Delivering the mail
“List to me while I tell you Of the Spaniard that blighted my life”! Cecil was in a good mood and he hummed the rest of his favourite song, a song he used when he was about to regale us with more of his stories.
“He shall die! He shall die! He shall die tiddly-i-ti-ti-ti-ti-ti-ti! He shall die! He shall die! For I’ll raise a bunion on his Spanish onion If I catch him bending tonight!” he finished with a flourish.
Luckily it was already mid morning and I, his daughter did not have to endure the sight of him in pajamas, bed hair and no teeth. Cecil was already up and dressed, breakfasted and ready for the journey. His Kruchens Salts container lay lidded on the sideboard ready for another morning.
I was ready too! Today was the day, 11 February 1984! Dreading what had transpired overnight in the hospital ward, we prepared for the drive. It was my time to be the driver, and he the passenger. Patiently I waited while Dad told me, again, the story of the mail deliveries he used to make in Ferntree Gully, back in the 1950s. Another drive of some significance.
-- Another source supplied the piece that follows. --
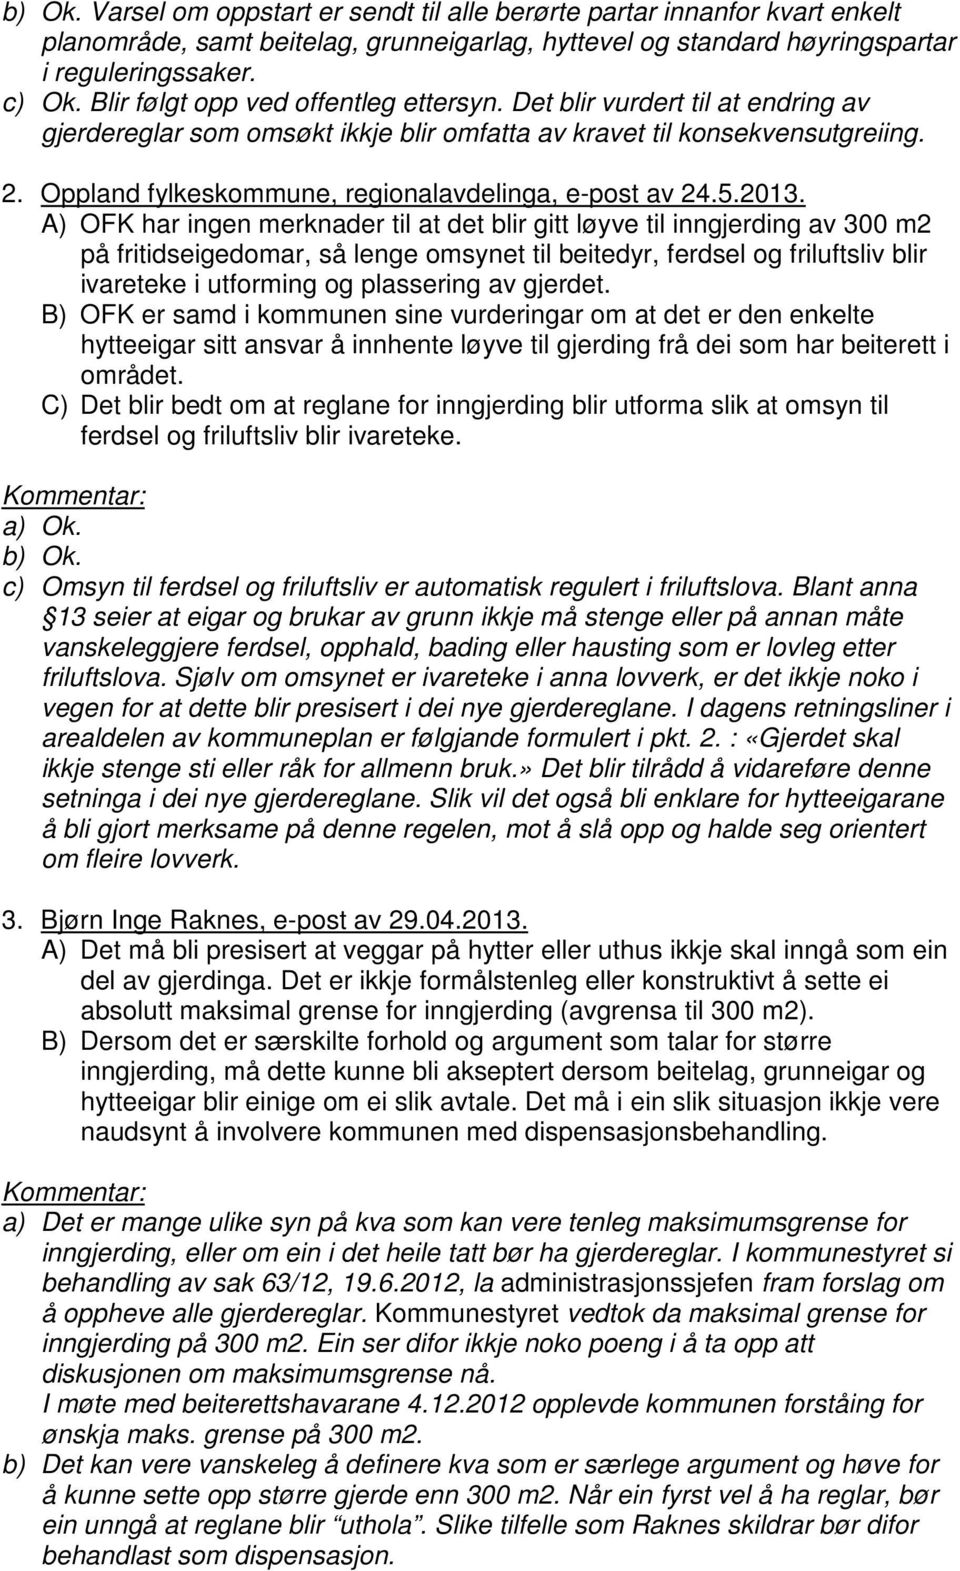 Oppland fylkeskommune, regionalavdelinga, e-post av 24.5.2013.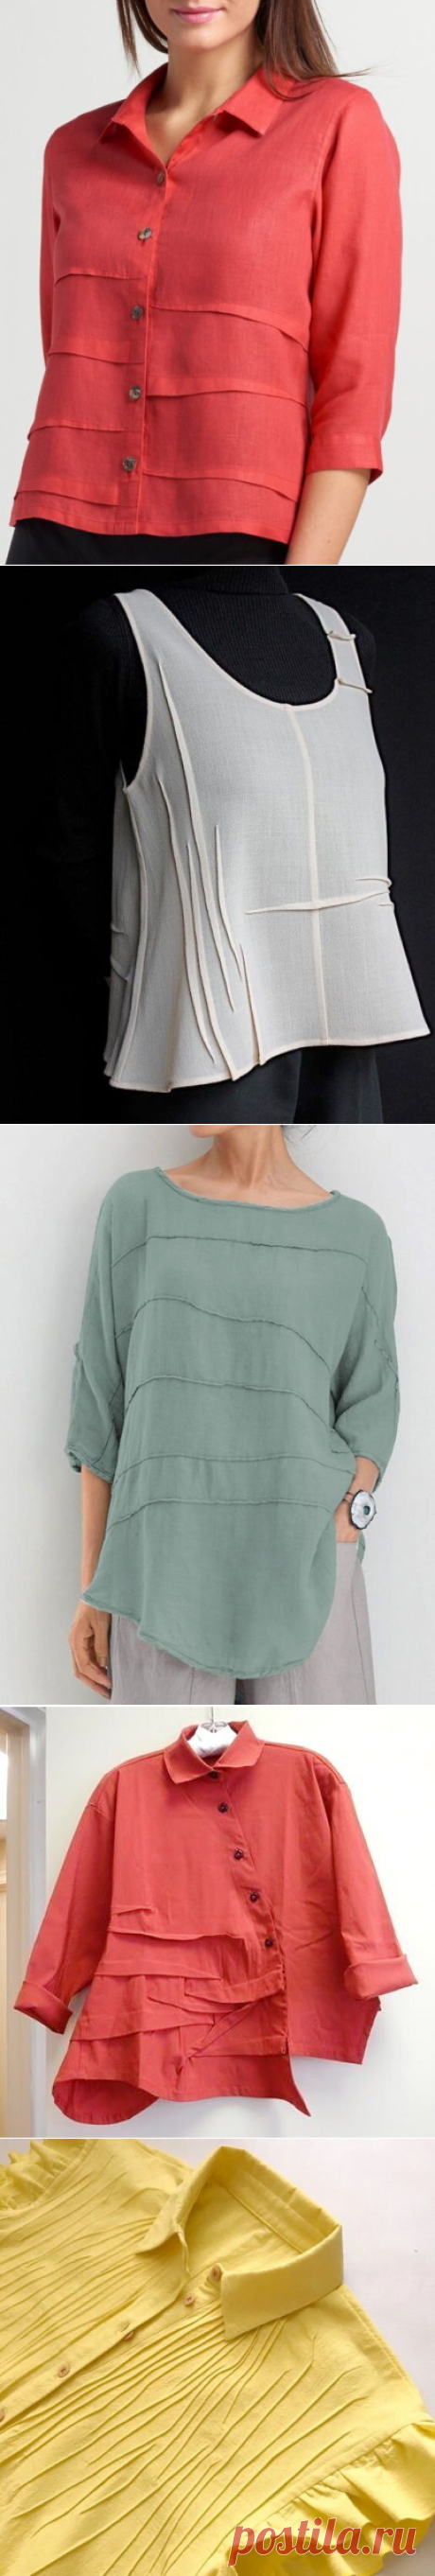 Простой декор летних блузок - защипы, красиво, а выполнить проще простого! | Время шить | Яндекс Дзен

“Back in those days it was a cut lunch and a thermos, trip”, he said. “I remember the early rises, collecting the mail bag from the store. You know back in the fifties people relied on the local postman. There were newspapers, letters, parcels and sometimes telegrams. Oldies stopped me for a natter and I listened as they told me their stories, of family, of heartache, illness, death or joy.”
I remembered those journeys too when I was allowed to tag along and help post the plethora of letters and flyers into people’s letter boxes. This too would become a thing of the past.
“That old Morris van was a real bone shaker! Do you remember how we would sing along; it helped to pass the time! My favourite was the Spaniard, of course, and yours, well what was your favourite”? he asked.
“I had a few, but I liked it better when you sang another of your favourites – A wandering minstrel – from the Mikado, one of Mum’s favourite light operas.”
Immediately his face lit up as he recalled the lines – “A wandering minstrel, I, a thing of shreds and patches” he launched into the first verse and faltered on the last lines.
A wandering minstrel I—
A thing of shreds and patches,
Of ballads, songs and snatches,
And dreamy lullaby!
And dreamy lullaby!
“Let’s get going, Mum will be anxious to see you, my love”, he said wiping a tear from his eye and putting on his old tartan beret.